** INFORMATION SUPPLIED follows **

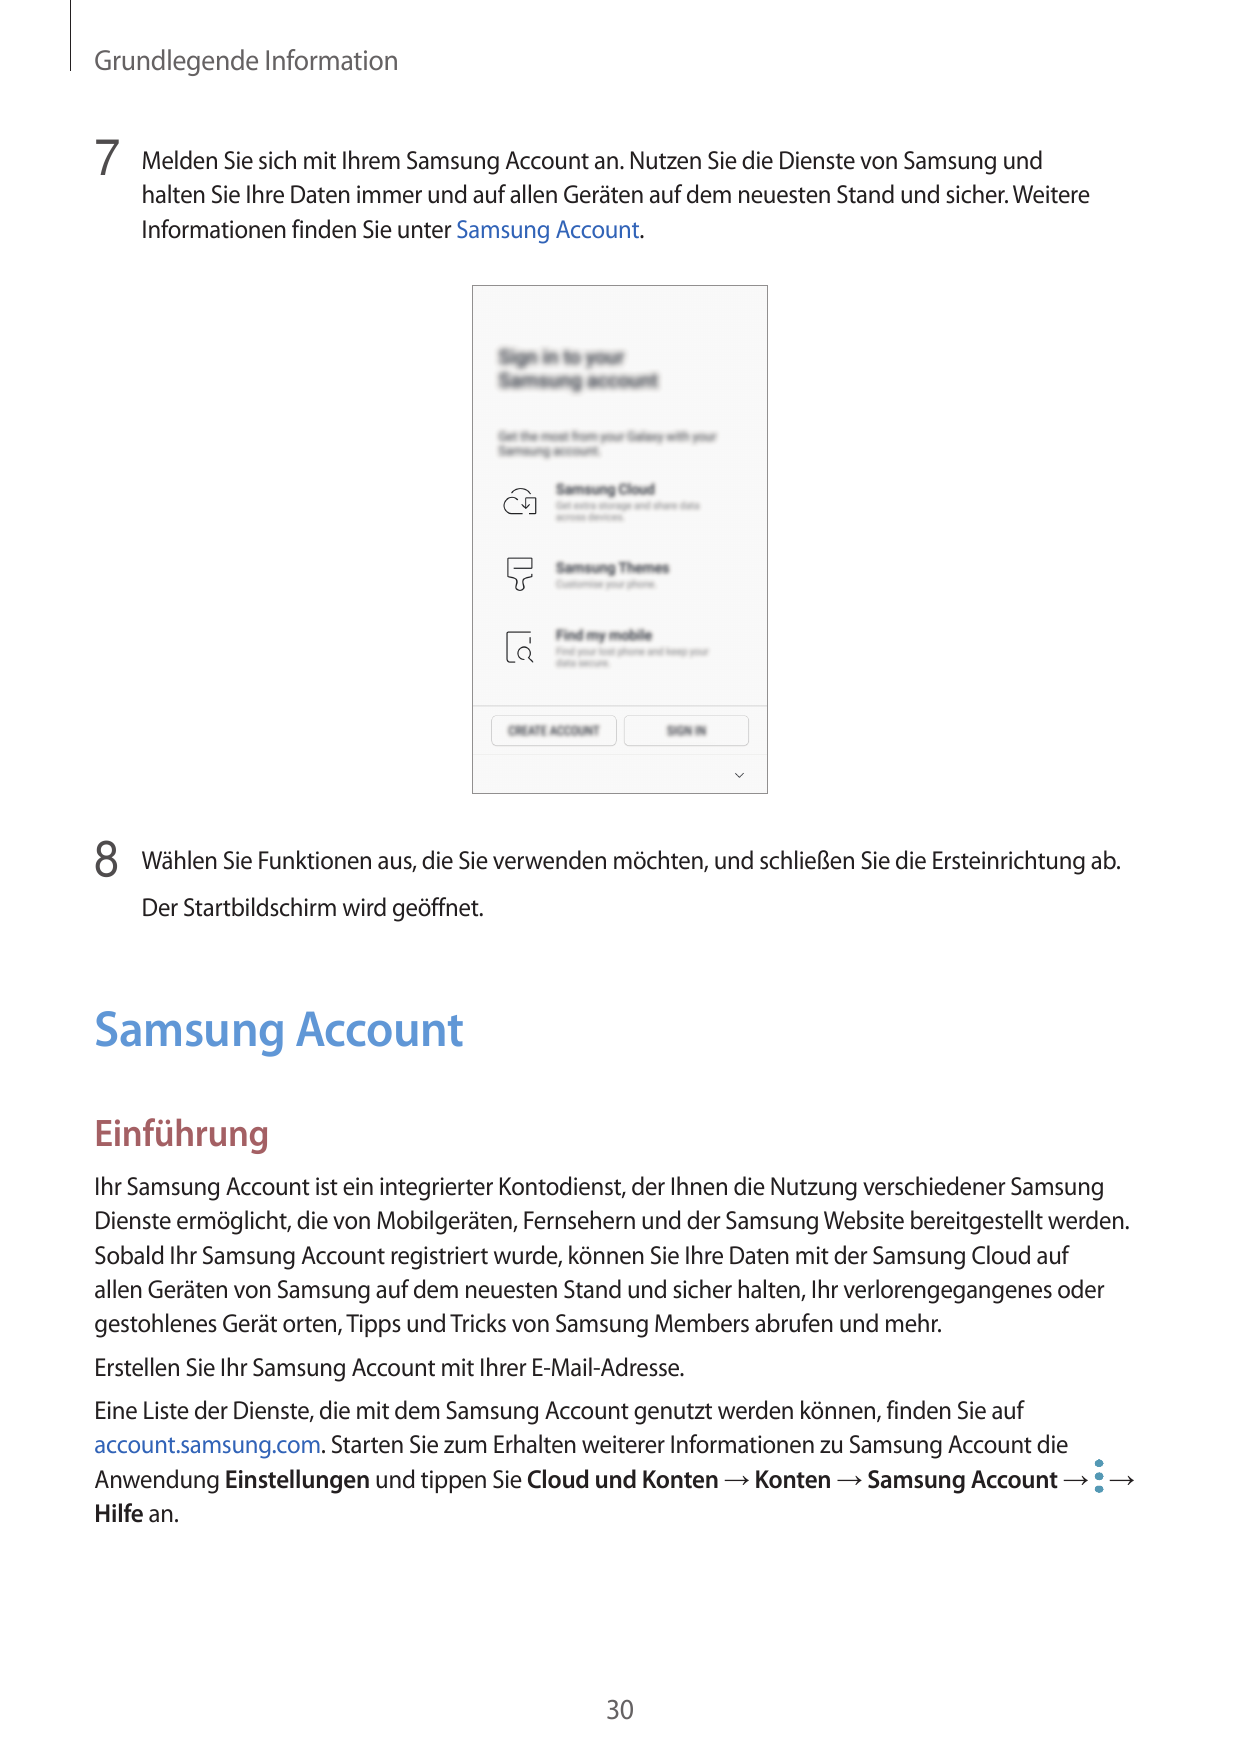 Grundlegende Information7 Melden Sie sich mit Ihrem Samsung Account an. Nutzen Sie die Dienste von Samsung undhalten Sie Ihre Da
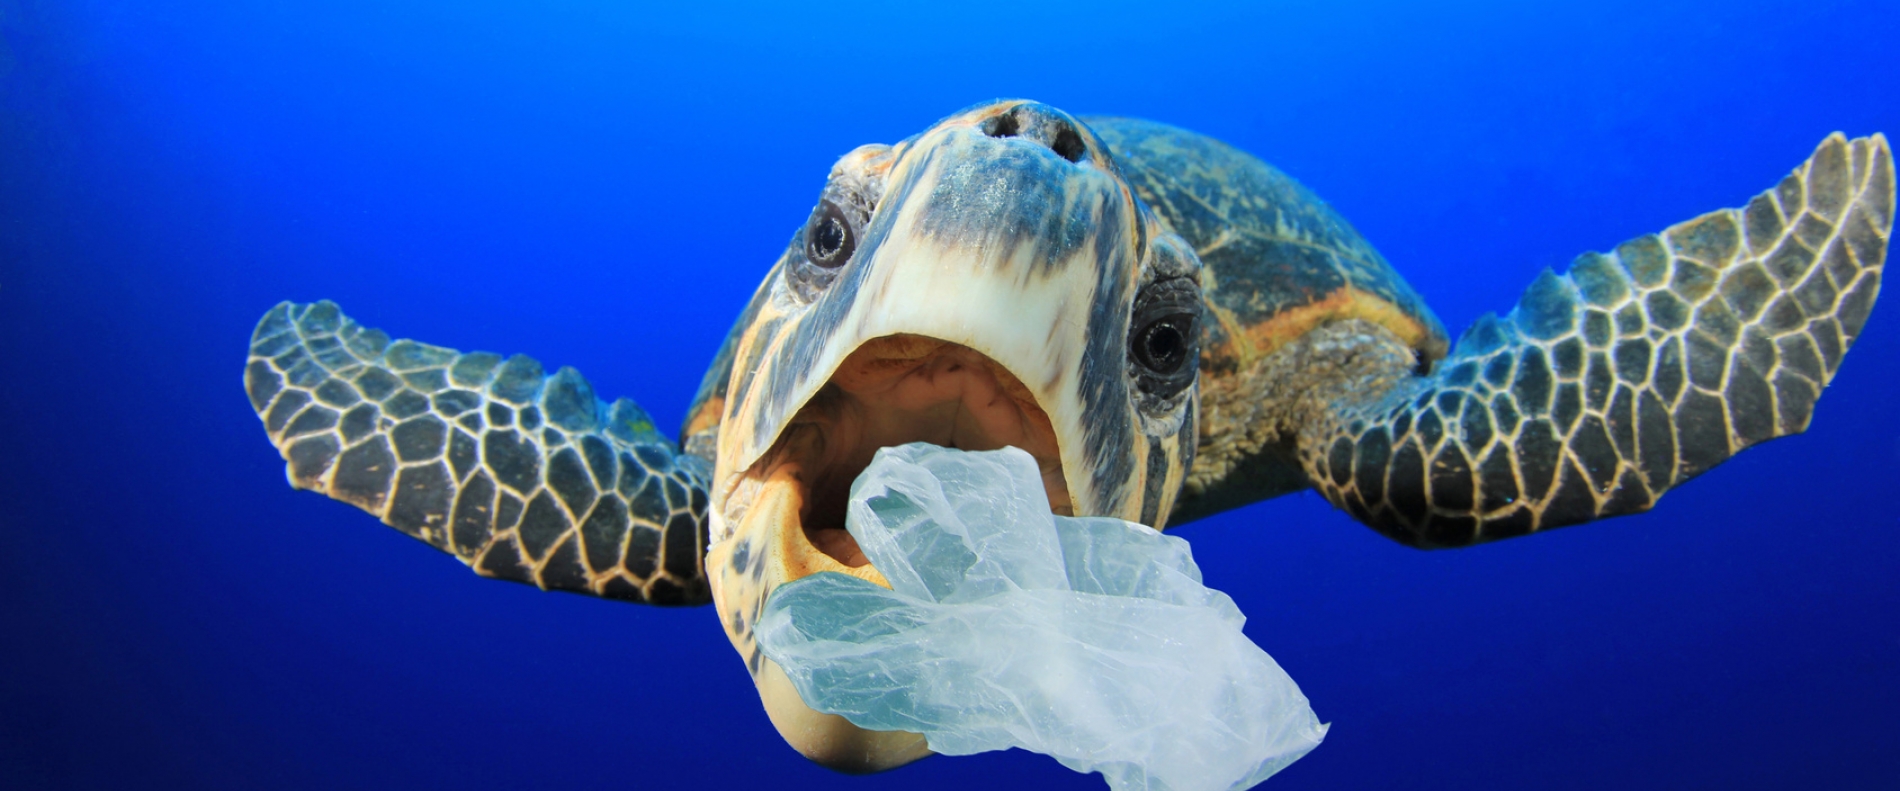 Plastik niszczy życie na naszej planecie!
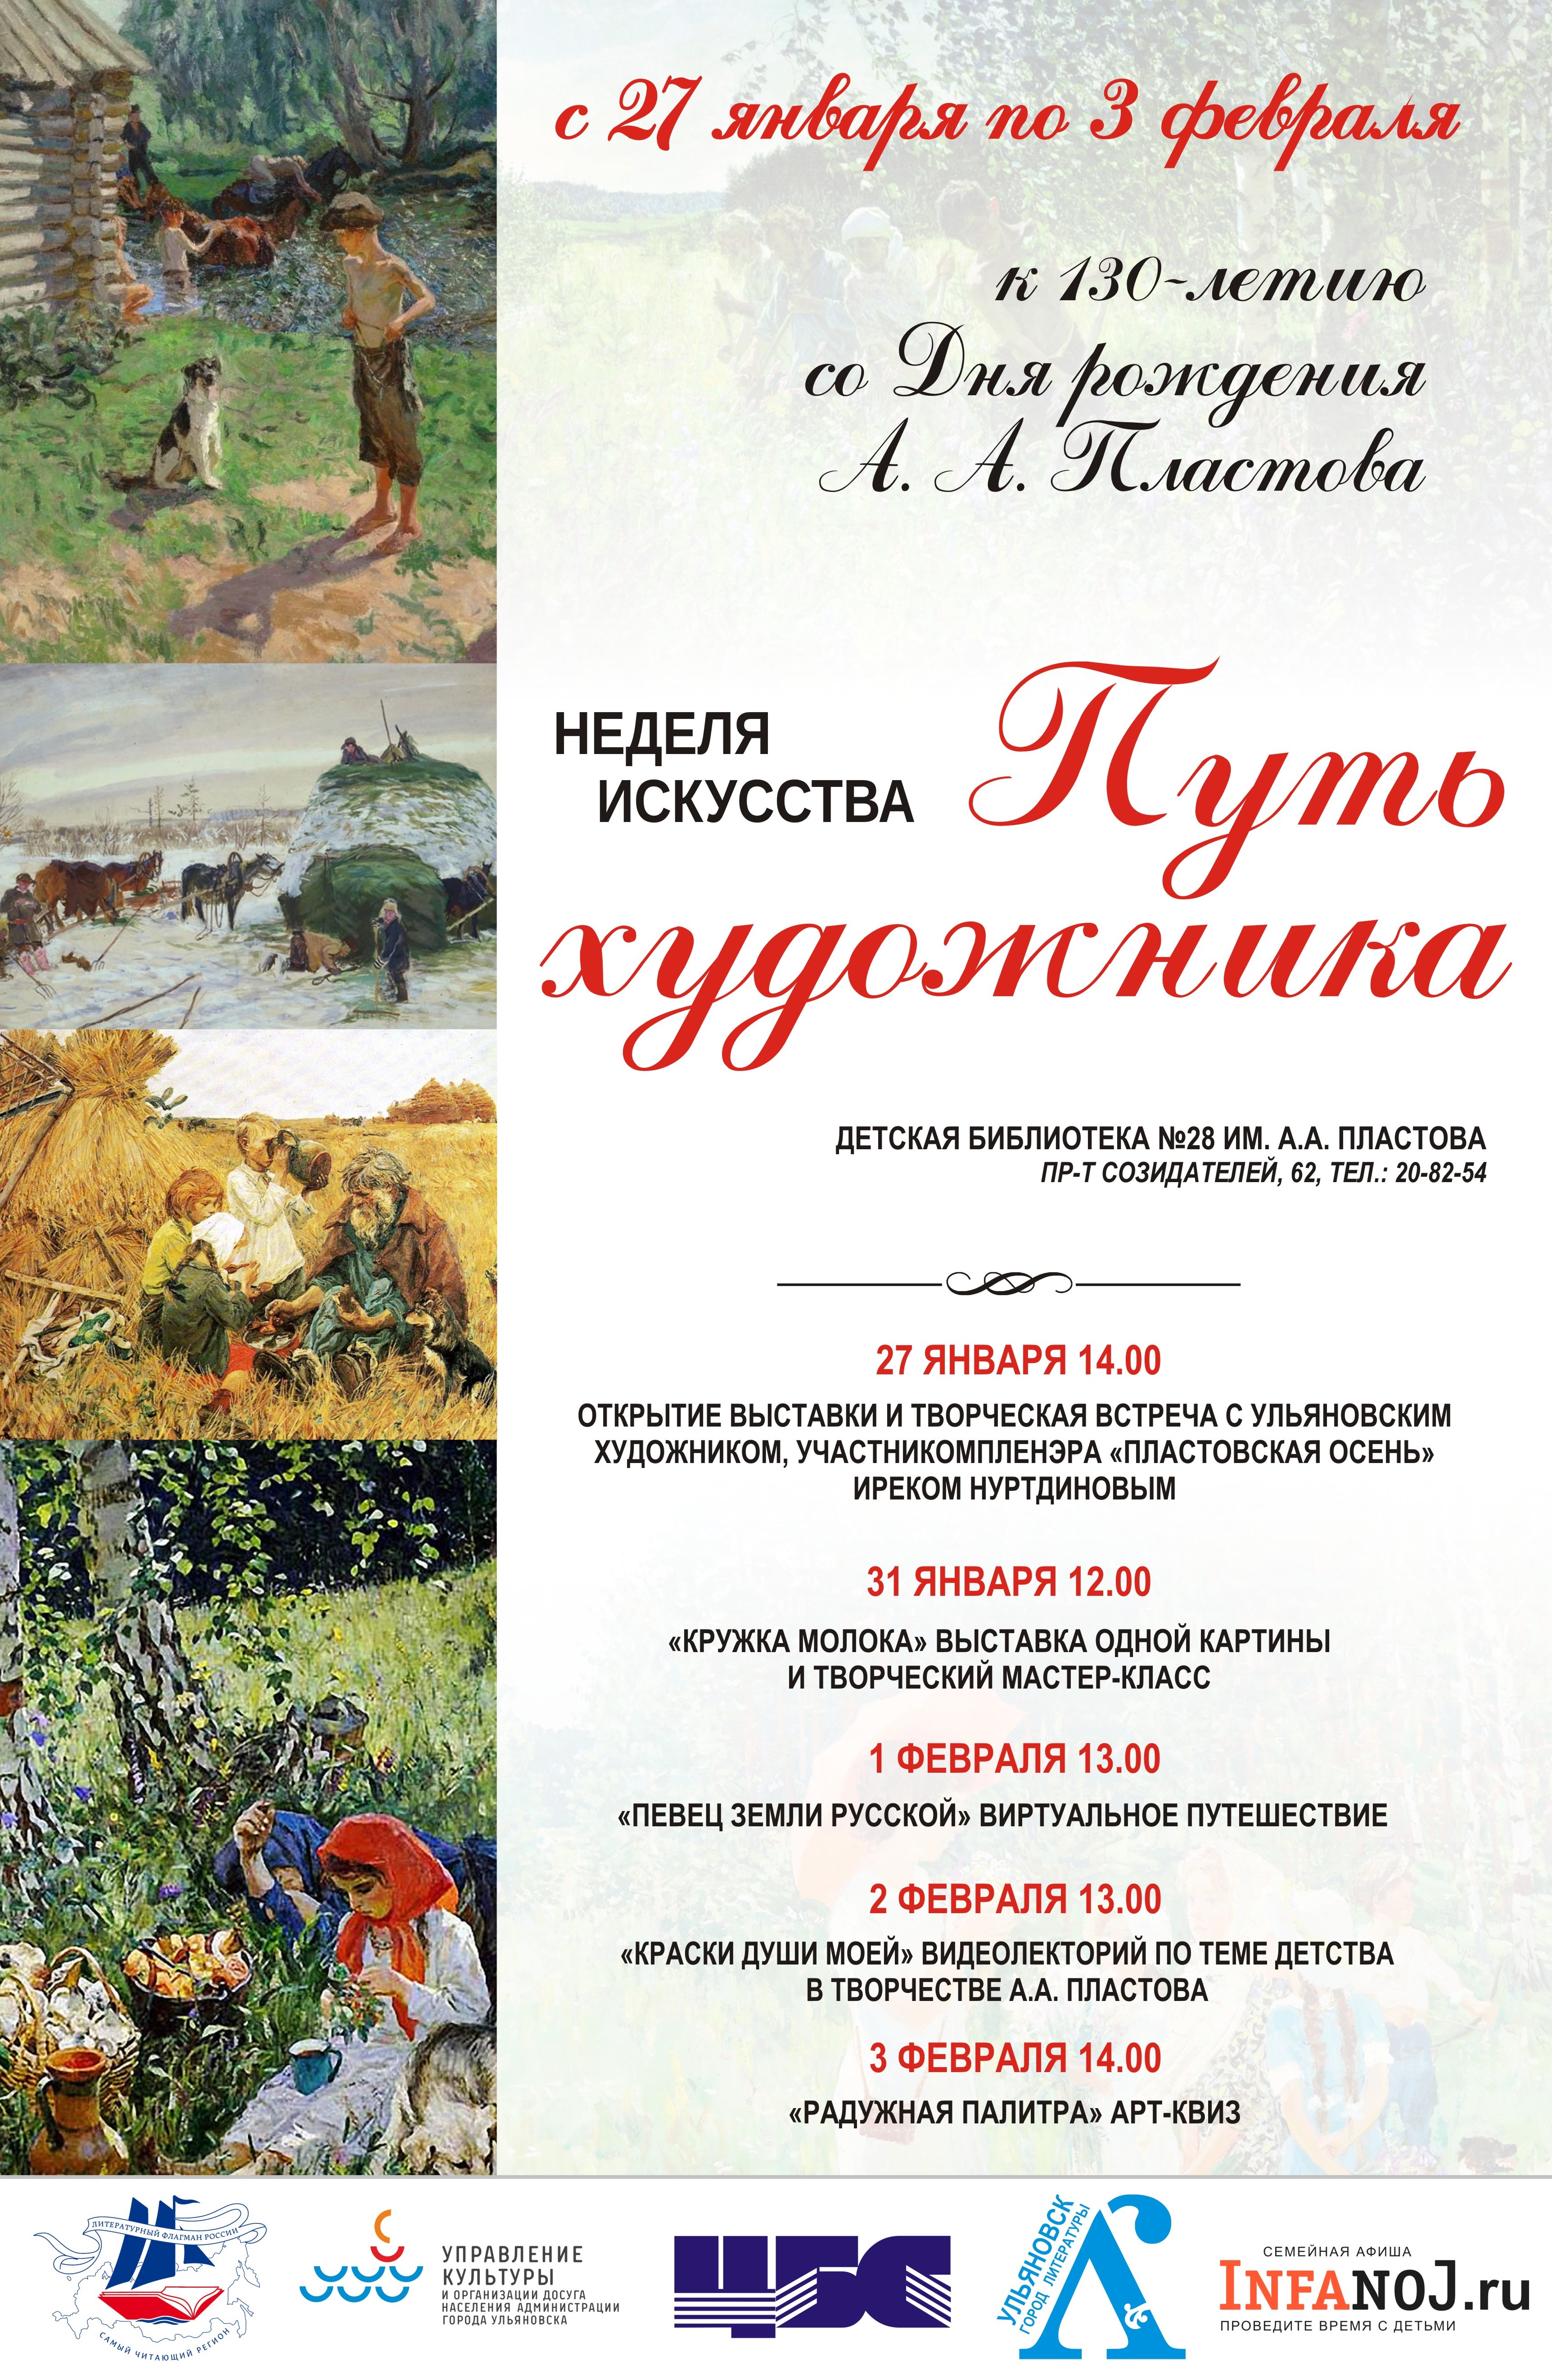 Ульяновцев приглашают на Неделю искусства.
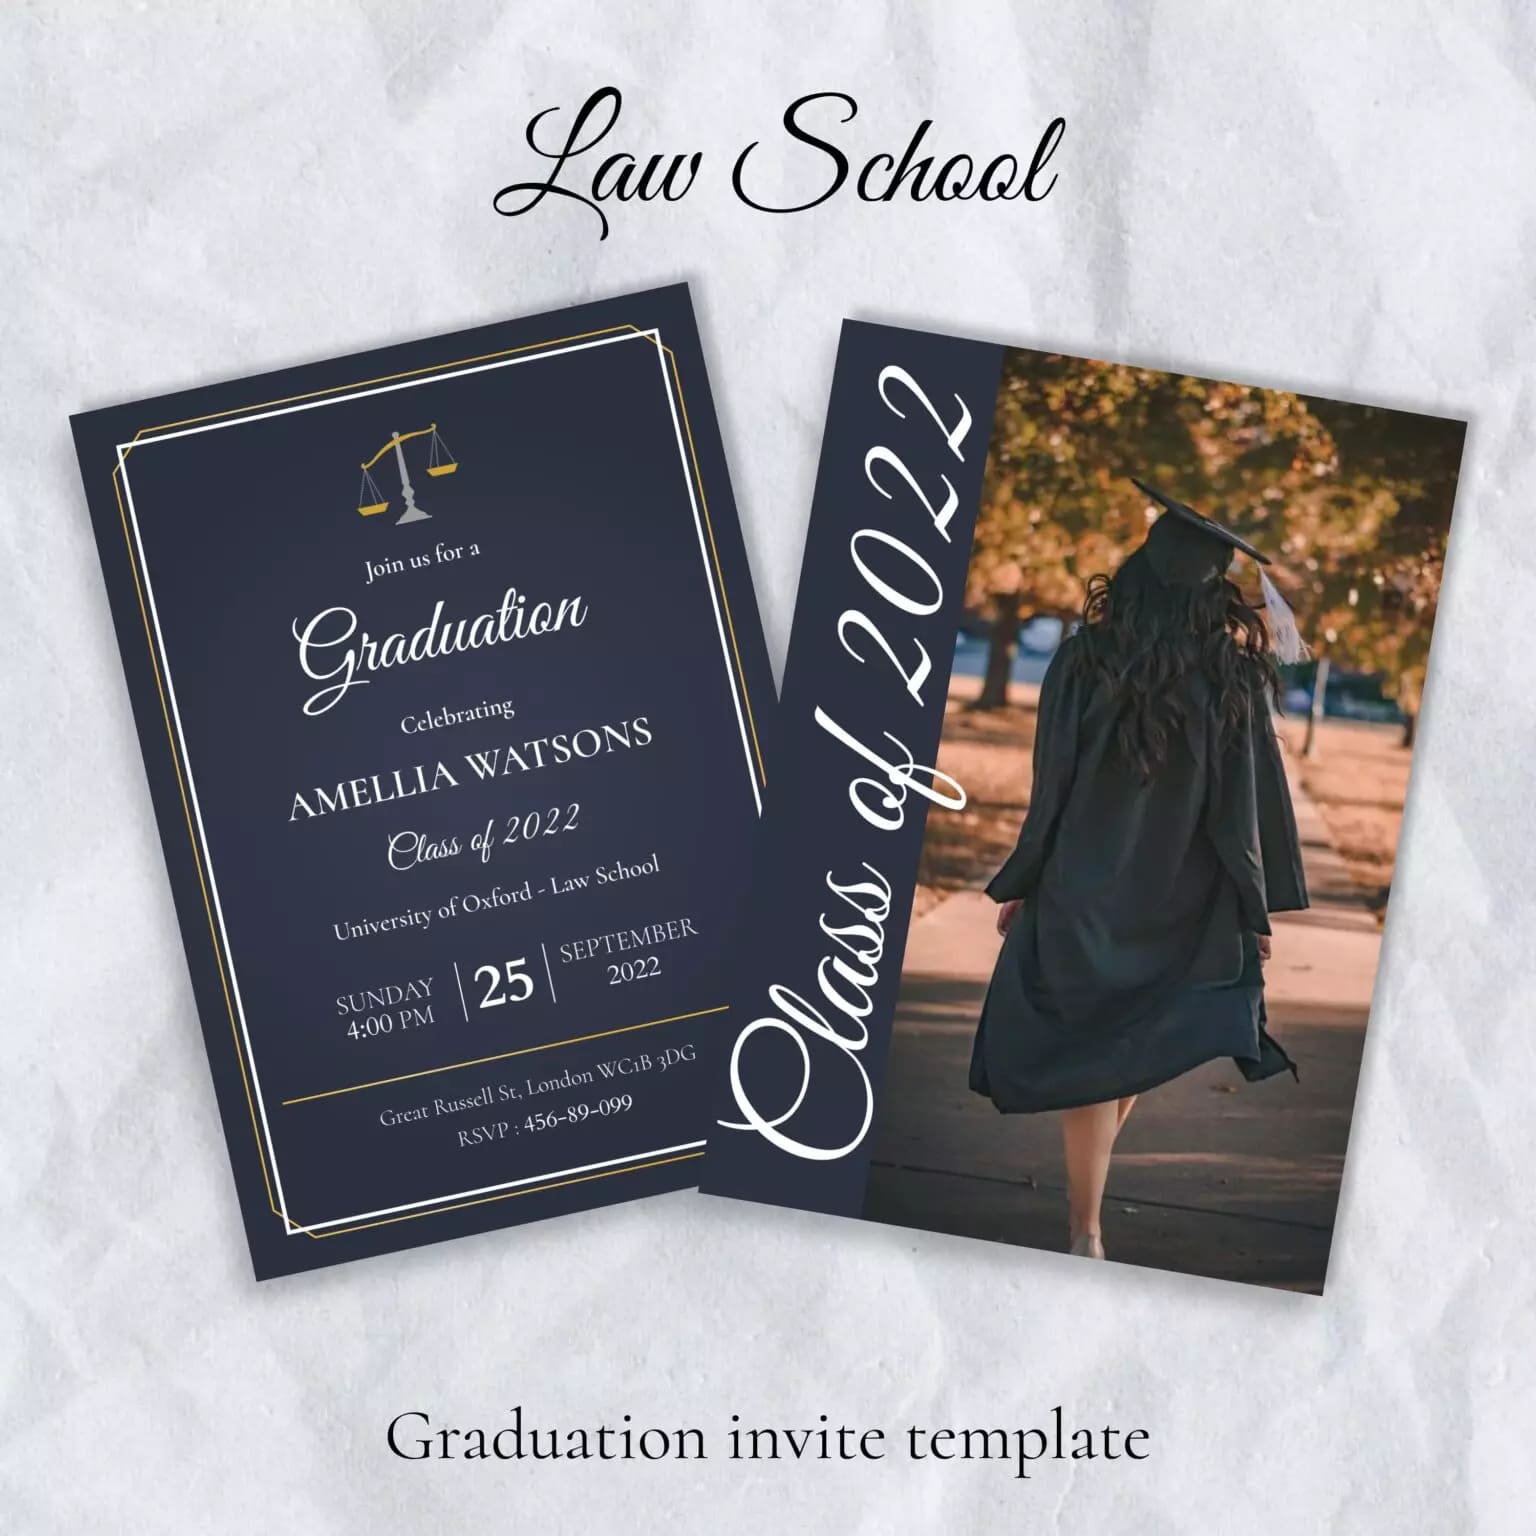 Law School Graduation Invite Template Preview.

** End of INFORMATION SUPPLIED **

» DIRECTIONS FOR THIS TASK
Reproduce the data above without a single change, please, but without its pictures.

» COMPLETED EXERCISE
 Grundlegende Information7 Melden Sie sich mit Ihrem Samsung Account an. Nutzen Sie die Dienste von Samsung undhalten Sie Ihre Da
 Plastik niszczy życie na naszej planecie!
 Ульяновцев приглашают на Неделю искусства.
 Law School Graduation Invite Template Preview.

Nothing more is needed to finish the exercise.